GM executives, Mary Barra, CEO, and General Council, Mike Millikin will appear before at a Senate hearing tomorrow over the failure of their companies to recall millions of cars with defective and deadly ignition switches. Millikin’s GM legal staff were approving wrongful death settlements as early as 2007. For accidents where the airbags failed to deploy.

In testimony released ahead of the Senate hearing, Millikin claimed, “We had lawyers at GM who didn’t do their jobs, didn’t do what was expected of them.” Those lawyers are among the 15 people dismissed and are no longer with General Motors.

Thus, the GM tragedy/fiasco moves into a second phase, after GM released a carefully crafted legal report that allegedly explained why the defective switch – and it was known to be problematic when it was being adapted for the Chevrolet Cobalt at the begging of this century.
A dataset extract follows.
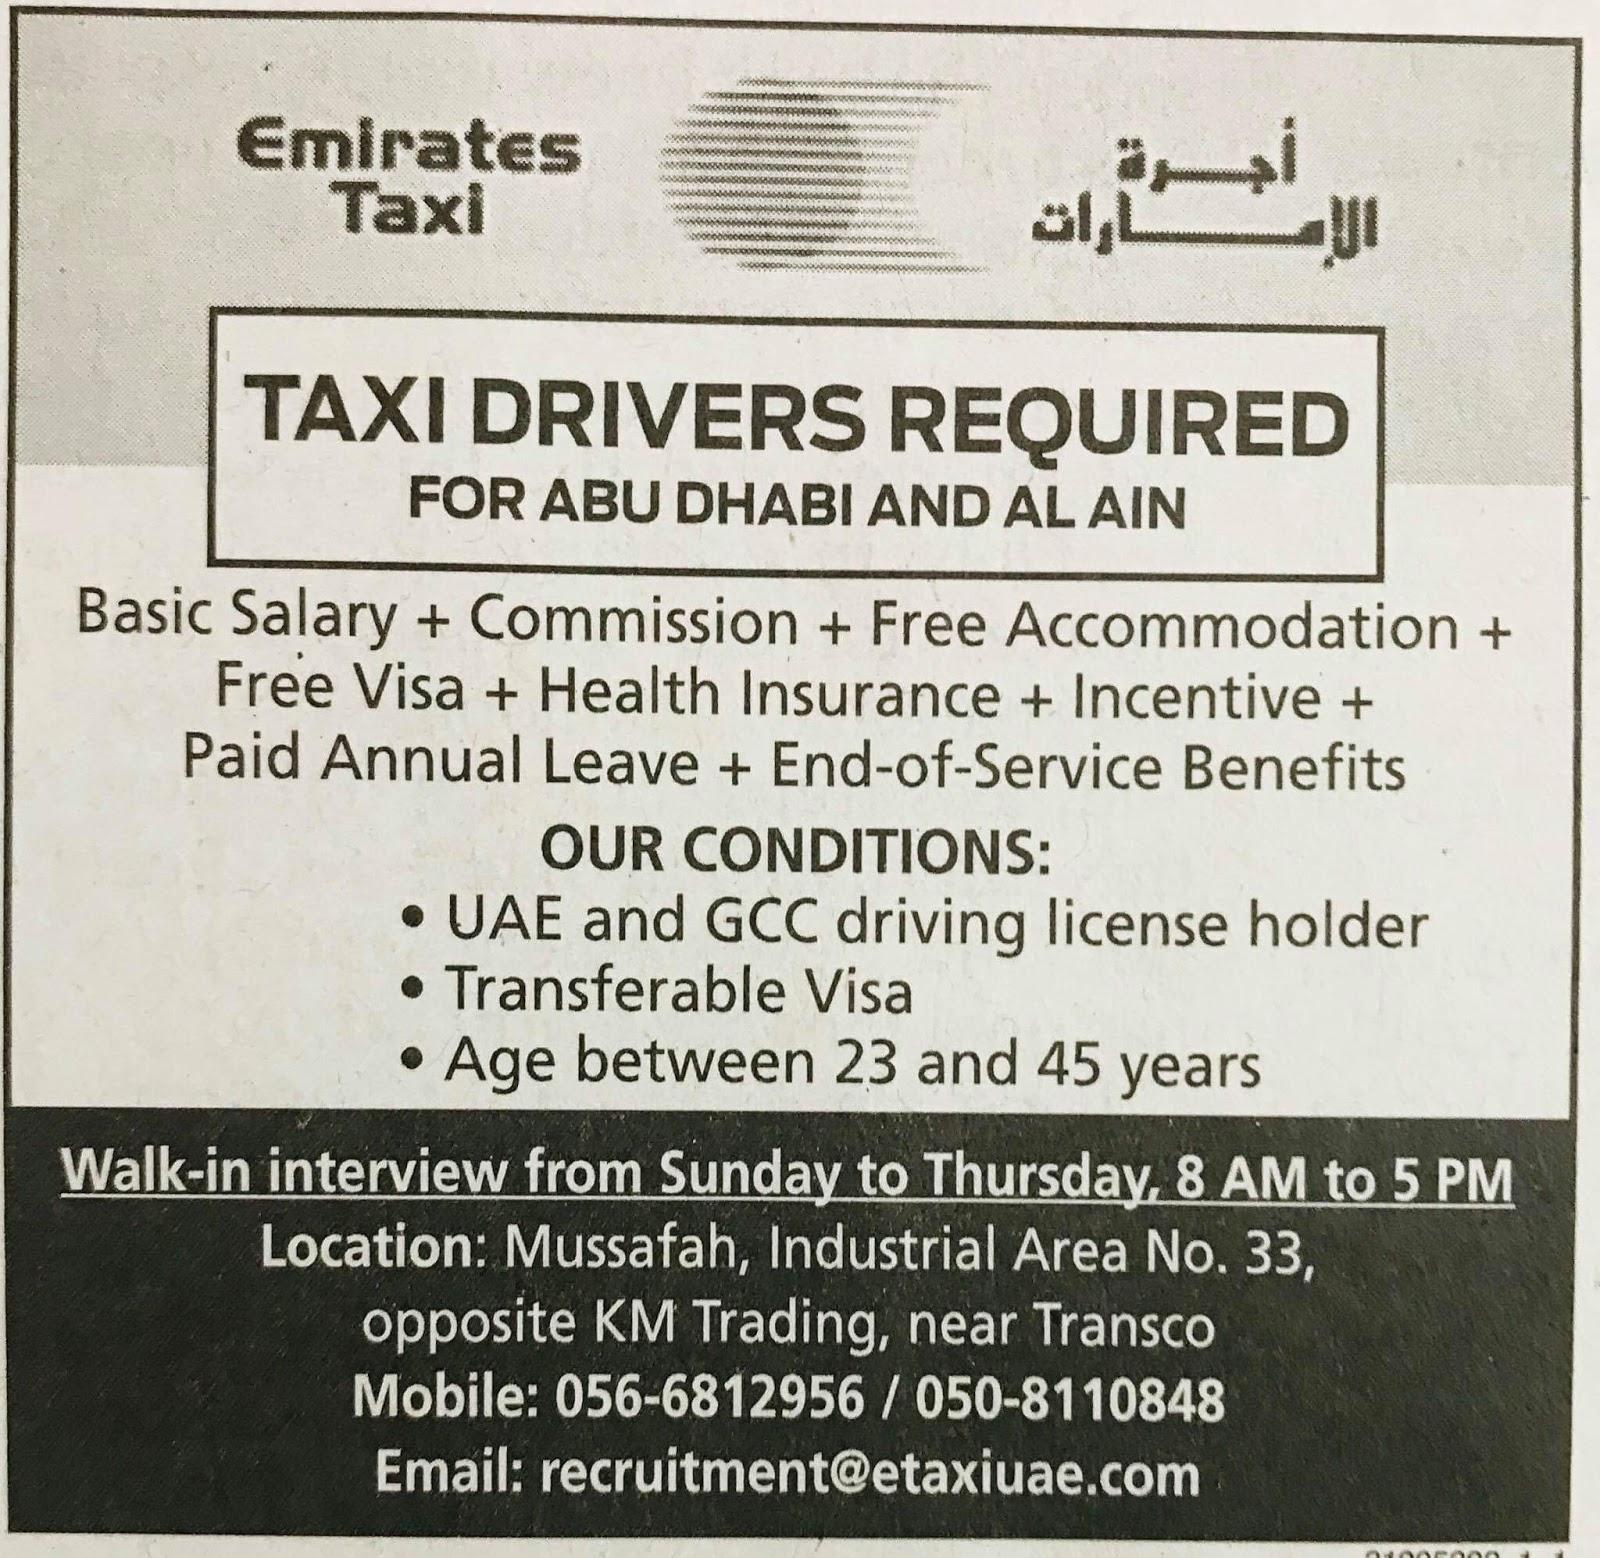 Required Taxi Drivers for UAE Local Hiring JOBS Khaleej

While 15 people were released from GM for cover-ups, no senior executive was found culpable, including Millikin.

Officially the hearing “will examine recent developments and the policy implications following General Motors’ (GM) February 2014 recall and subsequent recalls for defective ignition switches. In particular, the hearing will allow the Subcommittee to examine the various developments and findings since the Subcommittee’s April 2014 hearing, including the May 29, 2014 report issued by Anton R. Valukas (“Report to Board of Directors of General Motors Company Regarding Ignition Switch Recalls”) and the June 30, 2014 announcement of the GM Ignition Compensation Claims Resolution Facility program administered by Kenneth R. Feinberg.
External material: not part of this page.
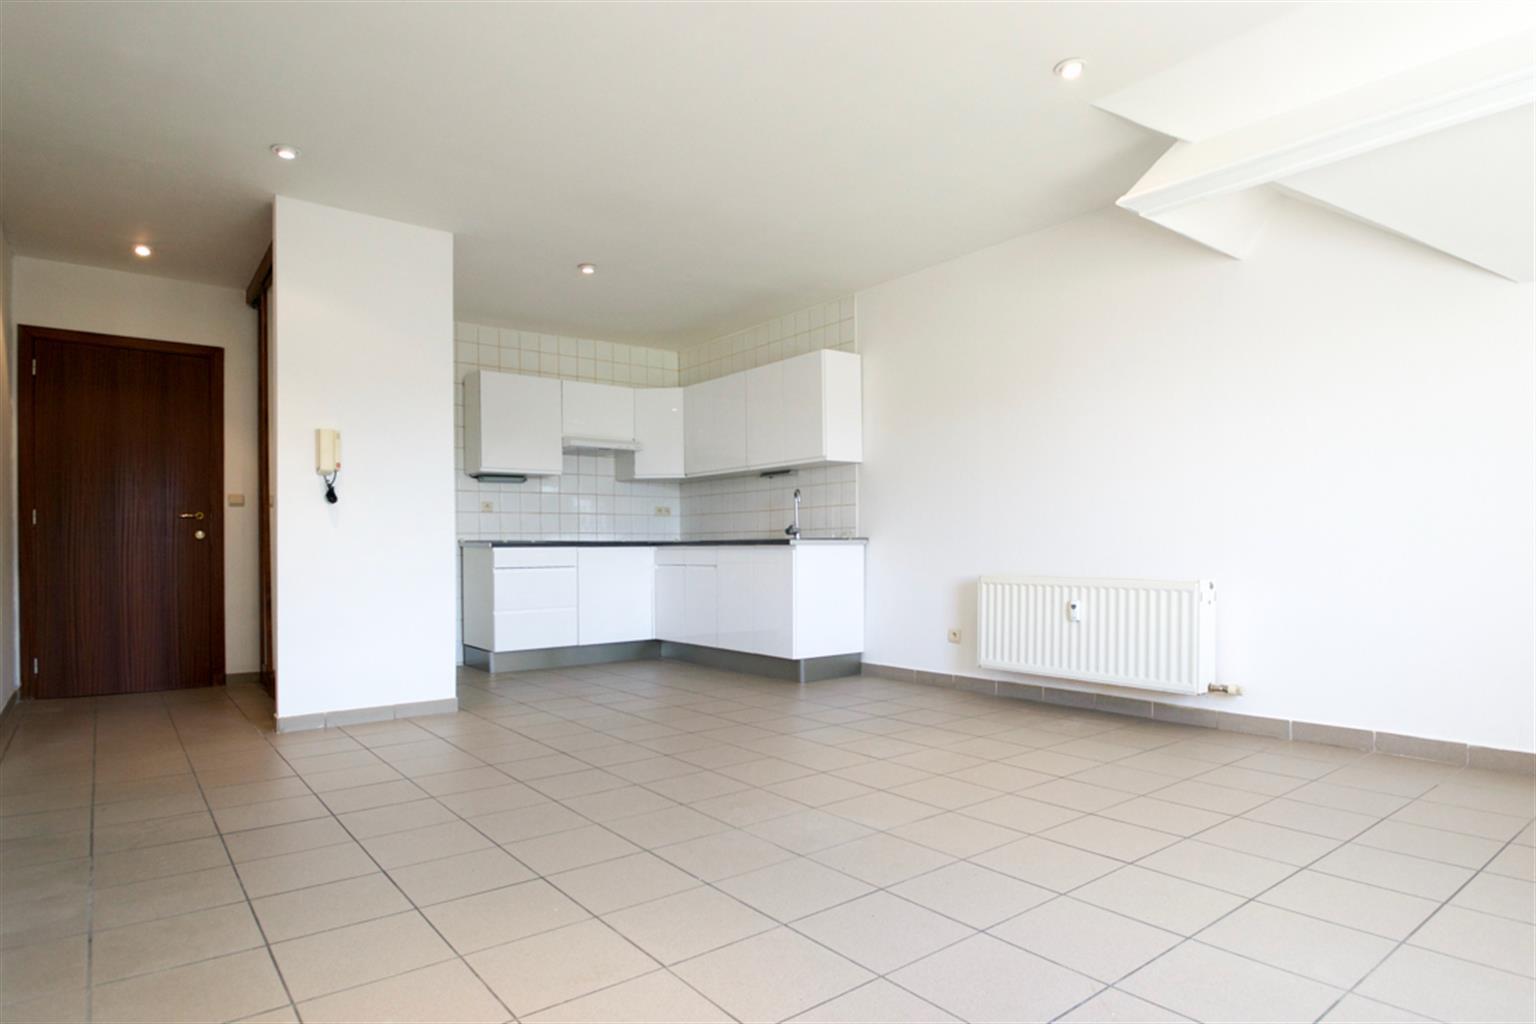 Appartement - Leval-Trahegnies - #3454438-1

The so-called Valukas report said part of the reason was GM policy – settlements under $5 million could be made at lower levels of the organization. Lawyers of settled cases are calling for re-opening those cases, essentially claiming GM withheld vital information, which kept the settlement costs lower.

Phase two will explore the legal settlements and ask that they be made public, among other  problematic issues.

As a sideshow, Rodney O’Neal, chief executive of Delphi, supplier of the defective ignition switch will also testify before The Consumer Protection, Product Safety and Insurance Subcommittee. The Delphi switch was installed in 2.6 million cars GM recalled in February of 2014 and another 8.4 million vehicles were subsequently added to the ongoing legal and public relations disaster. Thus far, GM sales have been unaffected, as dealers are apparently using the contacts with former customers to show off the new models.